CDCgov / cfa-epinow2-pipeline

https://cdcgov.github.io/cfa-epinow2-pipeline/
Apache License 2.0
10 stars 2 forks source link

Providing defaults to `fit_model` and more generally #33

Open athowes opened 3 weeks ago

athowes commented 3 weeks ago

In PR #26 we added modelling functionality, and chose not to add defaults for arguments like the prior:

I can add defaults, but I purposely didn't and don't think we should. My thought was that we don't plan to use this function (or package) interactively. We're going to pass a task config with all parameters and won't depend on default arguments. If we misspecify something, we want an error not a silent reliance on a default argument with a (potentially) different value. If the user doesn't add, e.g. priors[["rt"]][["mean"]] to the list, wouldn't it return NULL? What would happen then? Would EpiNow2::rt_opts() return an error, or just silently continue on with some default value?

image

I think this error is the desired behavior. We don't want the error, but with a config-driven rather than interactive workflow I think it's safer not to specify defaults. Is that convincing to you both?

_Originally posted by @zsusswein in https://github.com/CDCgov/cfa-epinow2-pipeline/pull/26#discussion_r1755154014_

I think this is a reasonable choice / likely correct.

I do think there could be a discussion to be had about the extent to which we are making this package "config-driven" versus "interactive". One could frame "interactive" as in "working like ordinary R package functions". And then one could argue that the pipeline should do the work of being config driven, and that functions in the R package could be functional from an "interactive" perspective / ordinary R package perspective. I do think there are instances where we / our collaborators might interact with the package in an interactive mode.

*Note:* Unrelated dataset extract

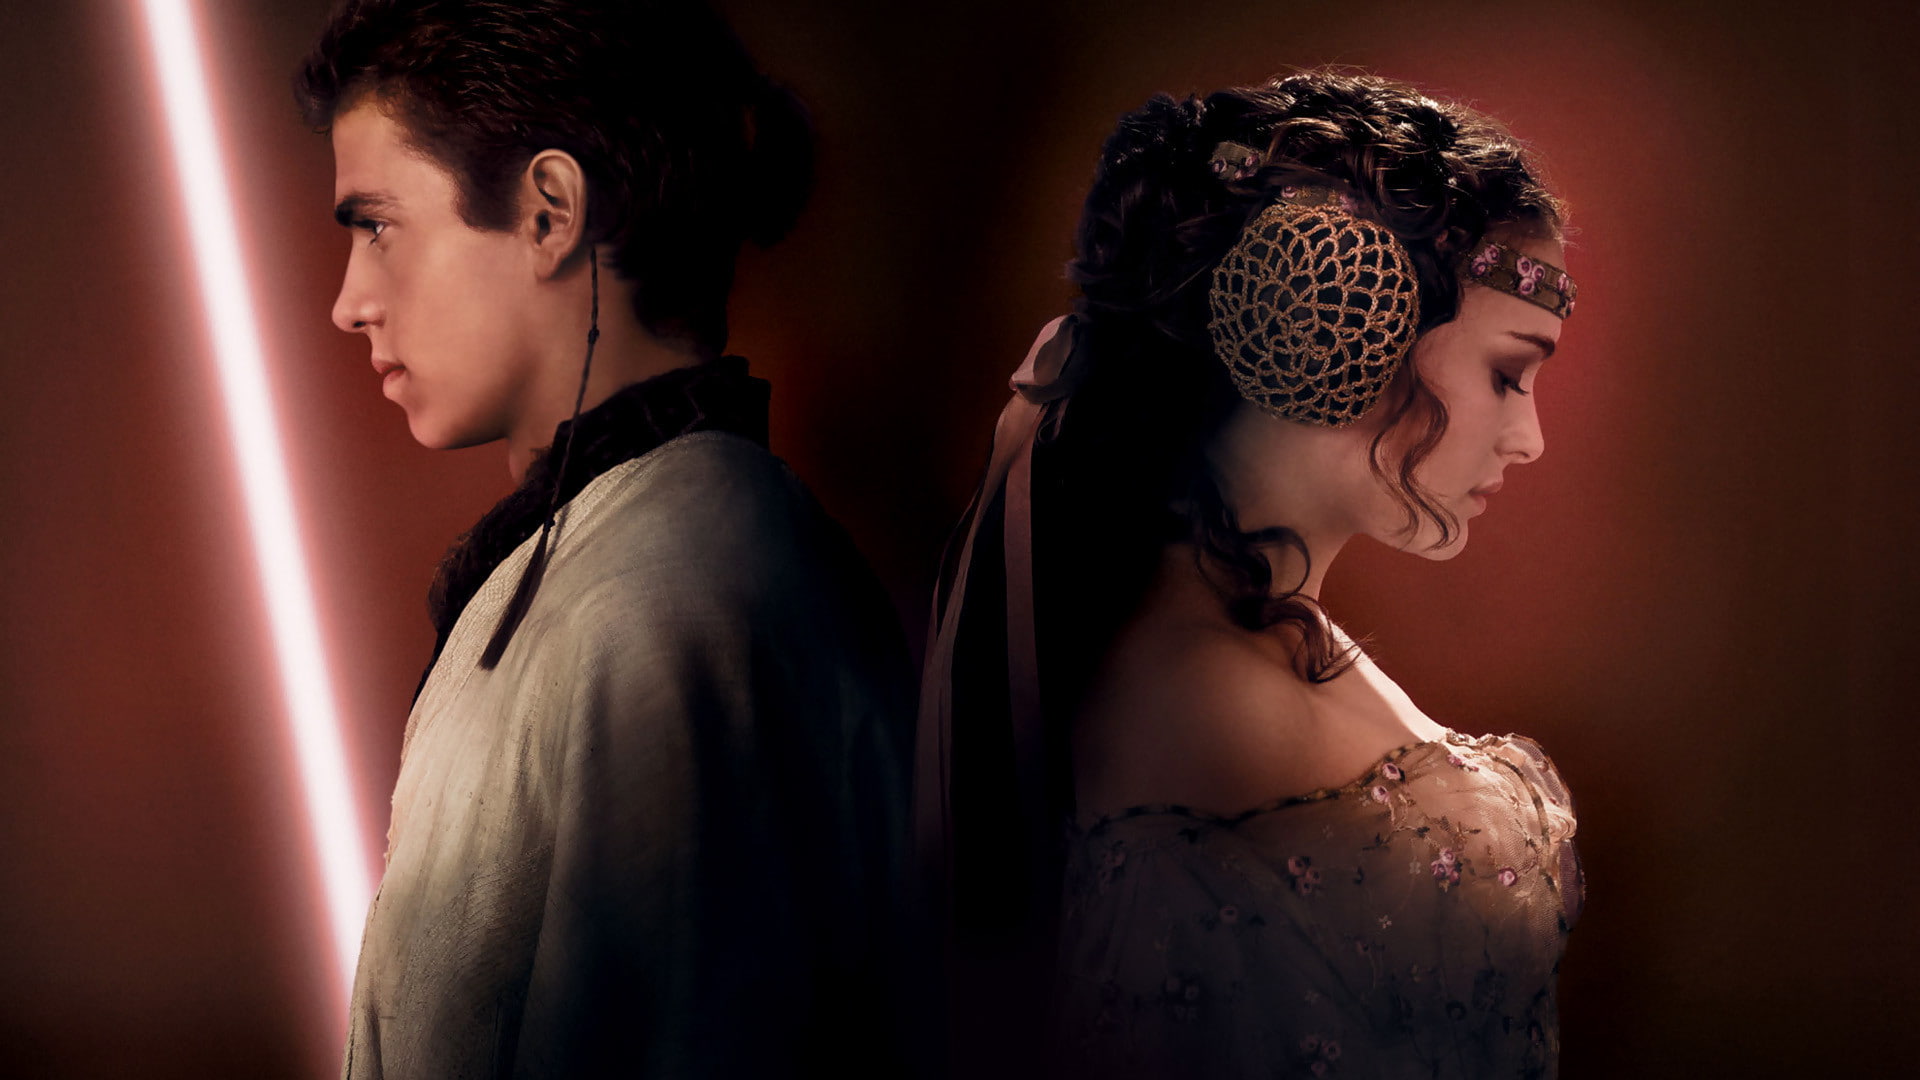 pair, star wars, Natalie Portman, Anakin Skywalker, Hayden Christensen

Sorry, this is quite a non actionable issue! I'd be interested in others broader perspectives on this as a broader design question. As I say, I think the choice to make things quite "config-driven" is reasonable.

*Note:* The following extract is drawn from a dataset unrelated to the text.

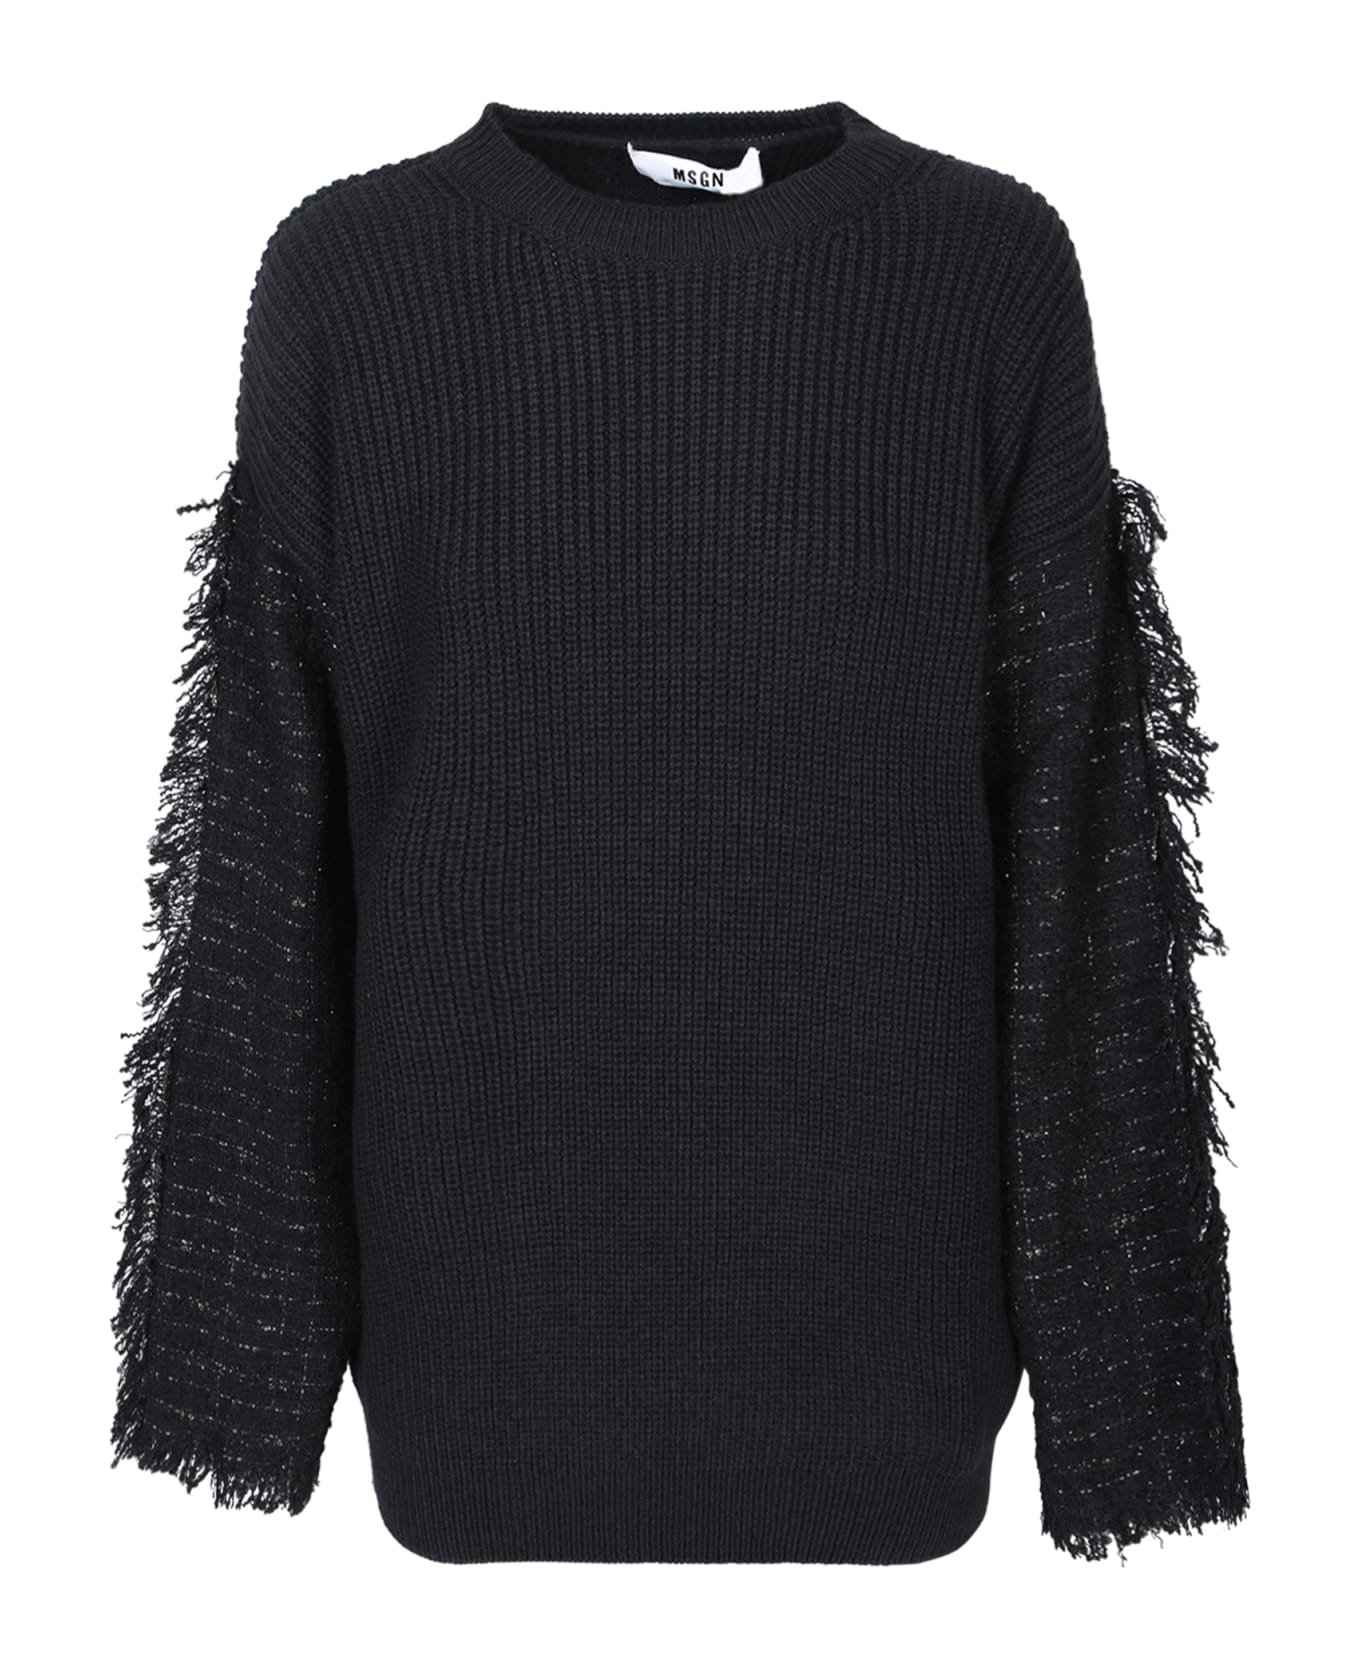 MSGM Fringes Details Black Sweater - Black

I think it would be helpful to see a document put together of the expected workflow. Perhaps another part of this "package specificity" question is the extent to which this package can be used outside of an Azure / CFA-specific environment. I think it's important for documentation and development of the package that one could use it in a more basic environment.

zsusswein commented 3 weeks ago

I'm dodging the majority of your good questions here to think a little more, but to answer a few specific things:

I think it would be helpful to see a document put together of the expected workflow.

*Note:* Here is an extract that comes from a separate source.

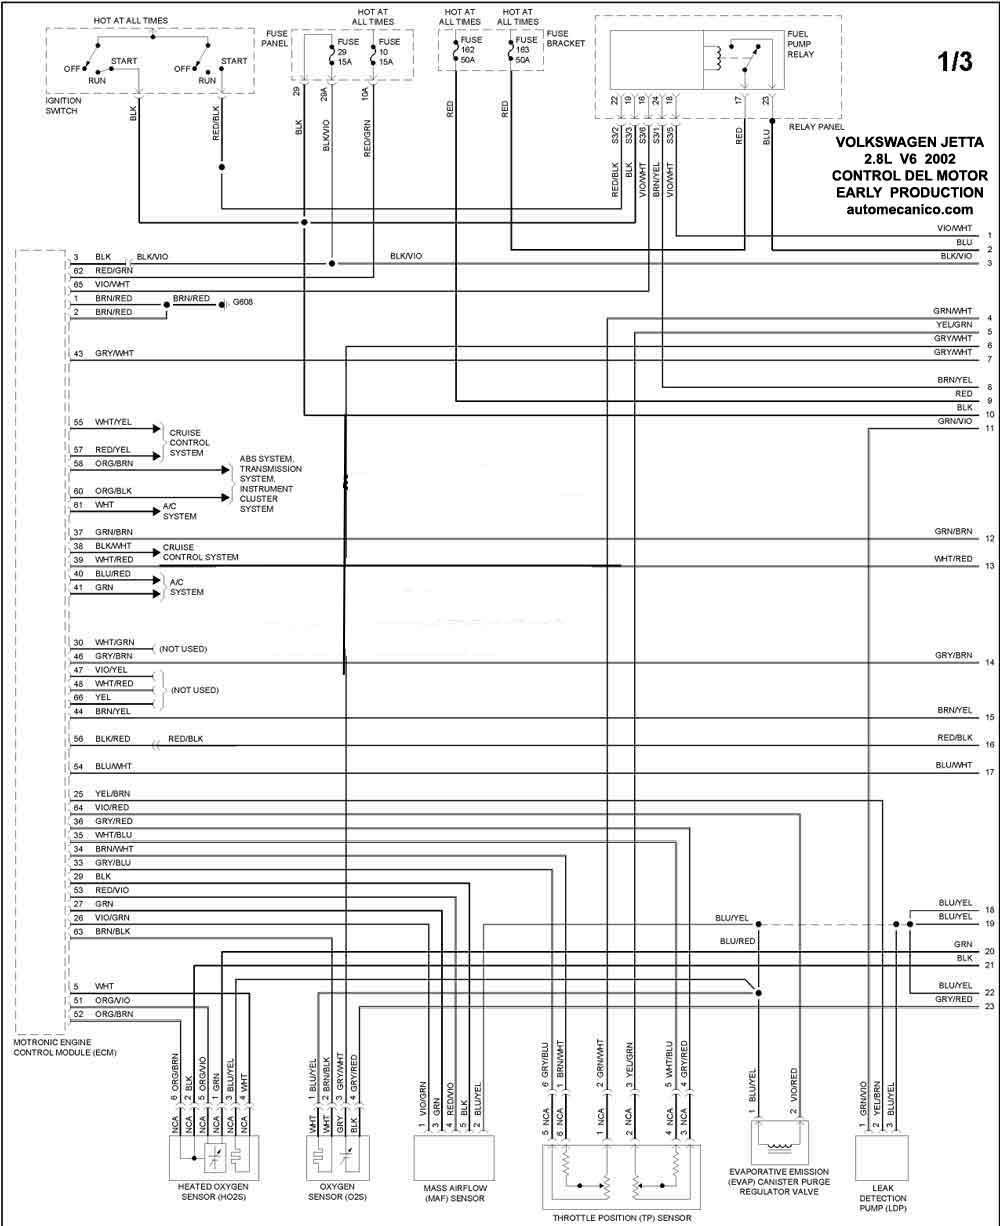 Volkswagen-Diagramas-Graphics-2002

You've (rightly) asked for this a few times and it's an important thing we need to provide. Bear with me for a few more PRs until we have an actual pipeline-running function and let's revisit. I'm trying to avoid documenting ahead of the code.

I think it's important for documentation and development of the package that one could use it in a more basic environment.

Can you expand on this a bit? We have in the readme:

https://github.com/CDCgov/cfa-epinow2-pipeline/blob/c04c8f857e49530ffad946ea582f404a42098735/README.md?plain=1#L9-L10

But it sounds like you have a broader scope in mind. What use-cases are you thinking about? In particular, when would one want to use our package over vanilla EpiNow2?